How to complete this task: Write down the listing again exactly as it appears below, without its pictures.

===== Collected data

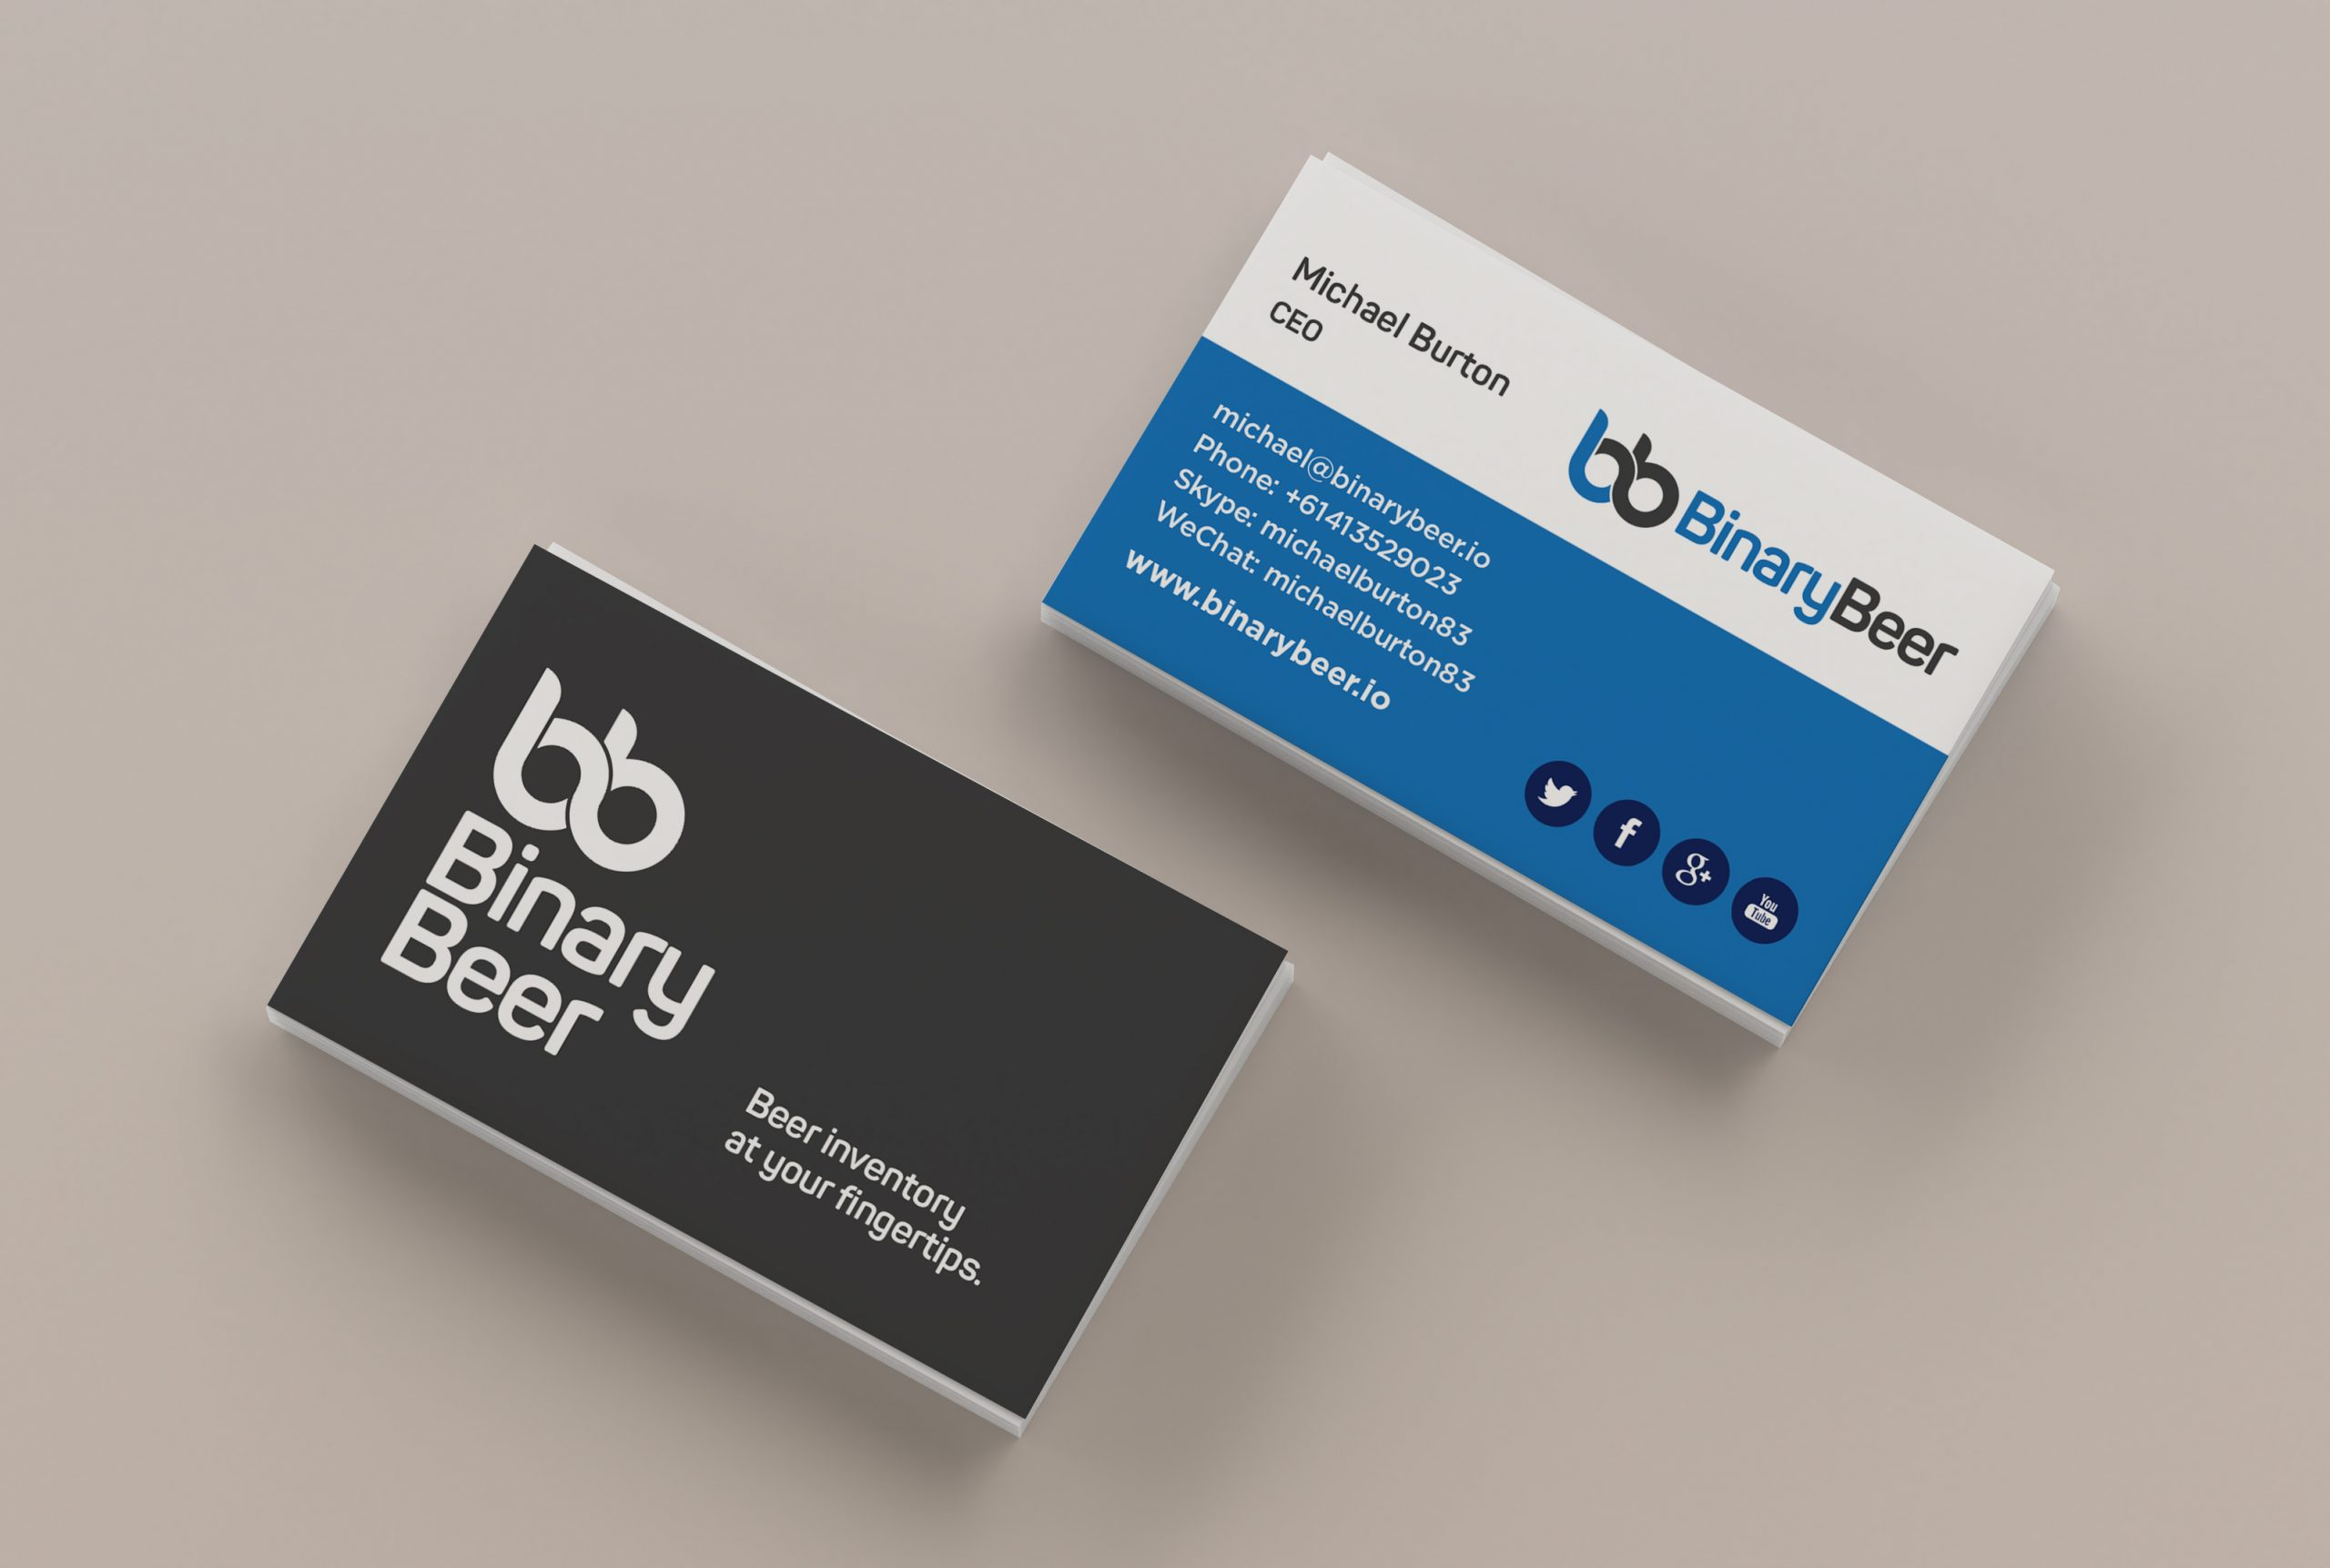 Binary Beer business card design
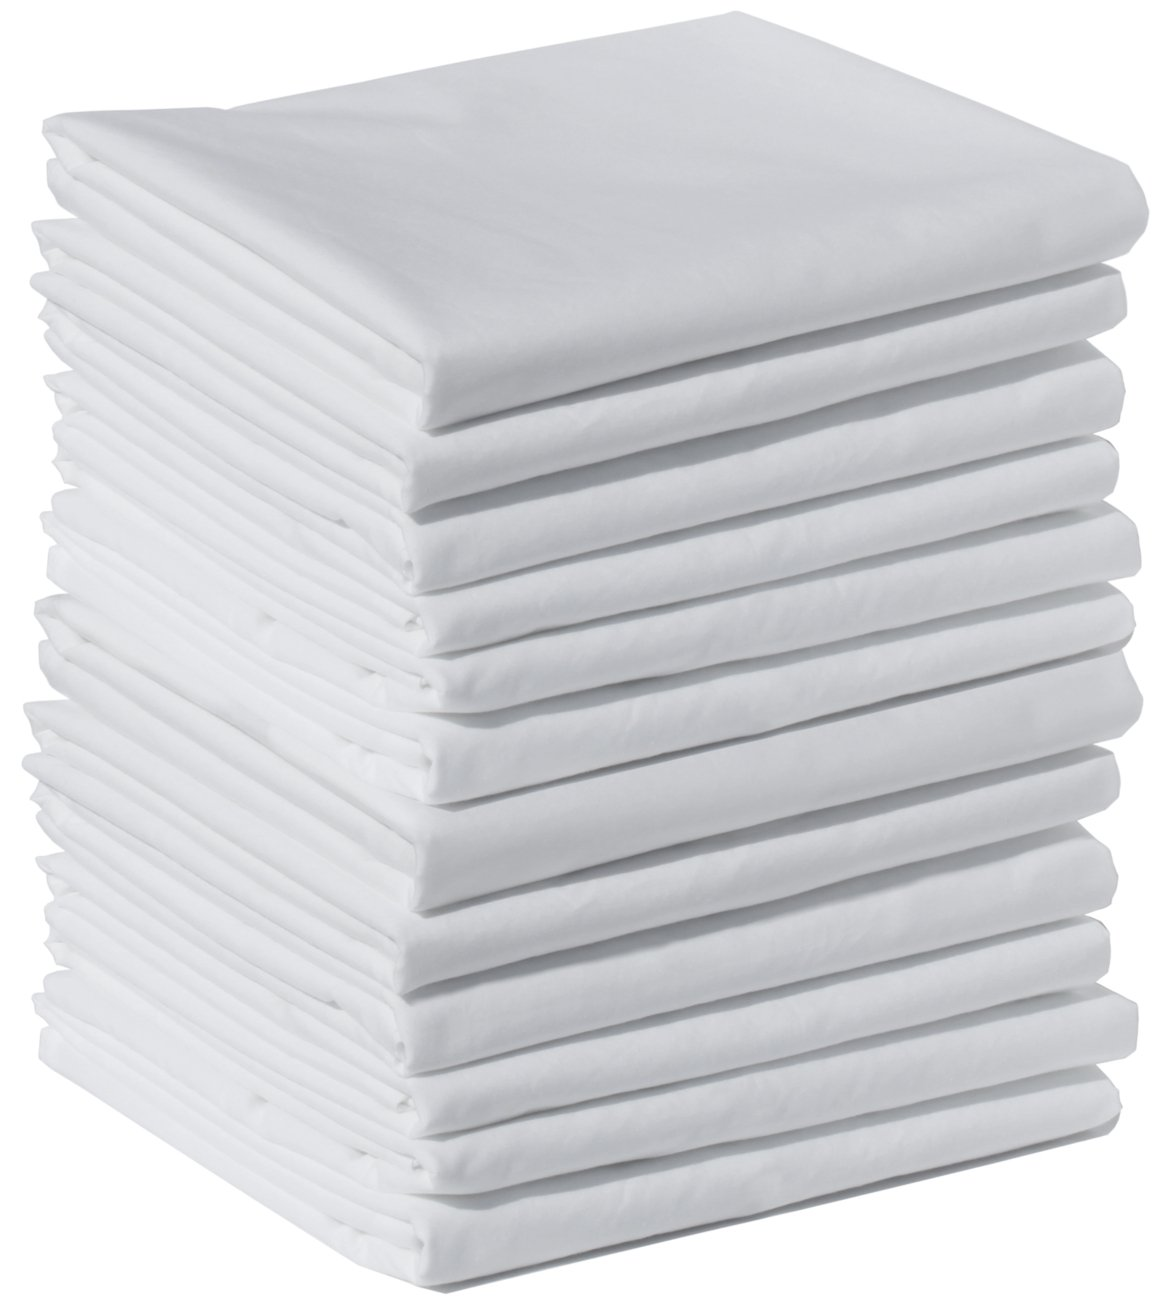 12 Queen Size 4'' Hems Bulk Lot Pack One Dozen Luxury Pillowcases 300 Thread Count 100% Long Staple Egyptian Cotton
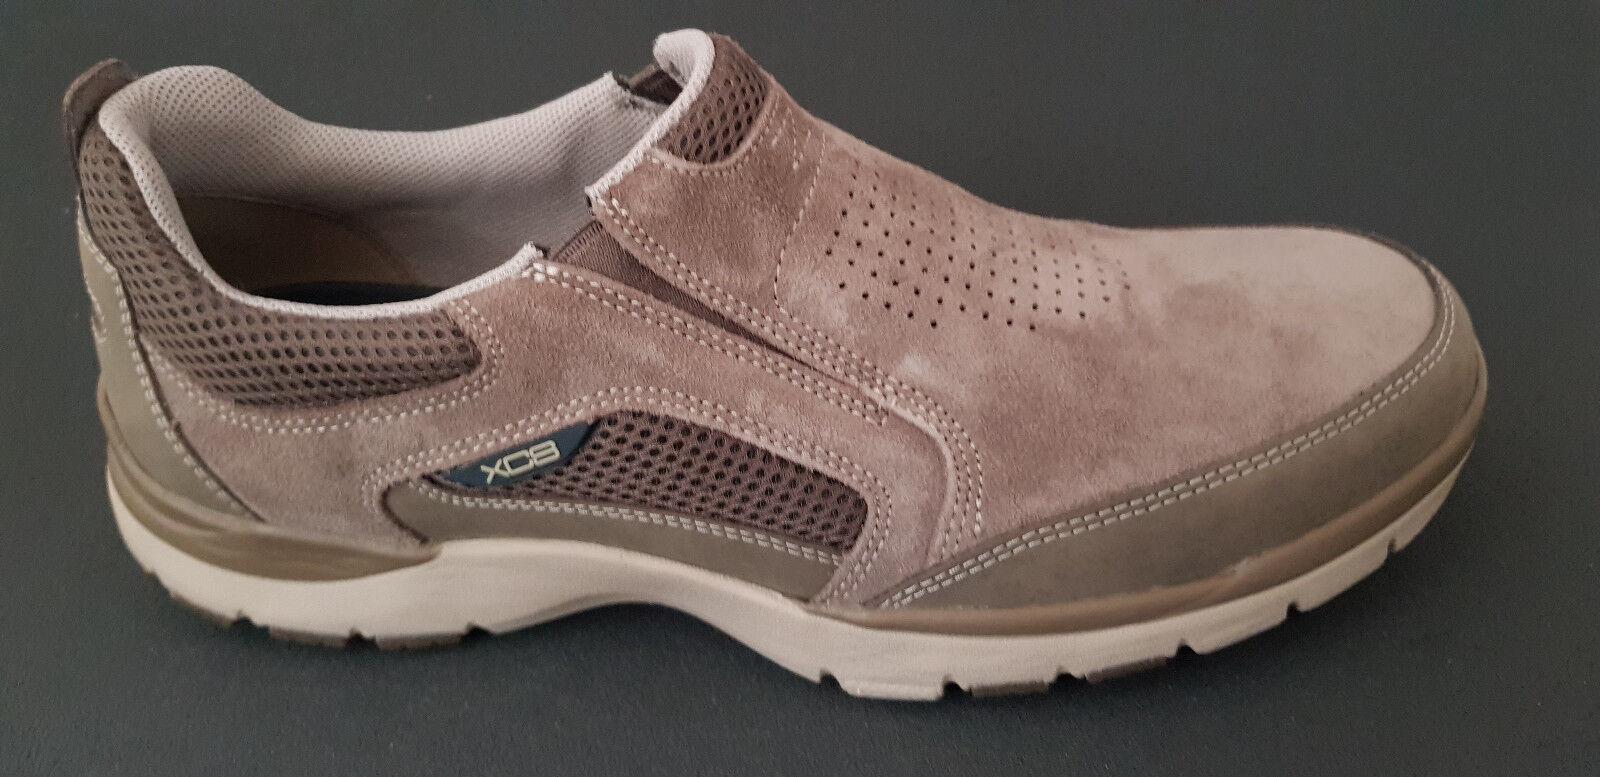 Rockport mocasines señores sneakers loafer Comfort mocasines Rockport zapatos nuevo Stone d41f2f

==========

Solution to the exercise:
 Binary Beer business card design
 12 Queen Size 4'' Hems Bulk Lot Pack One Dozen Luxury Pillowcases 300 Thread Count 100% Long Staple Egyptian Cotton
 Rockport mocasines señores sneakers loafer Comfort mocasines Rockport zapatos nuevo Stone d41f2f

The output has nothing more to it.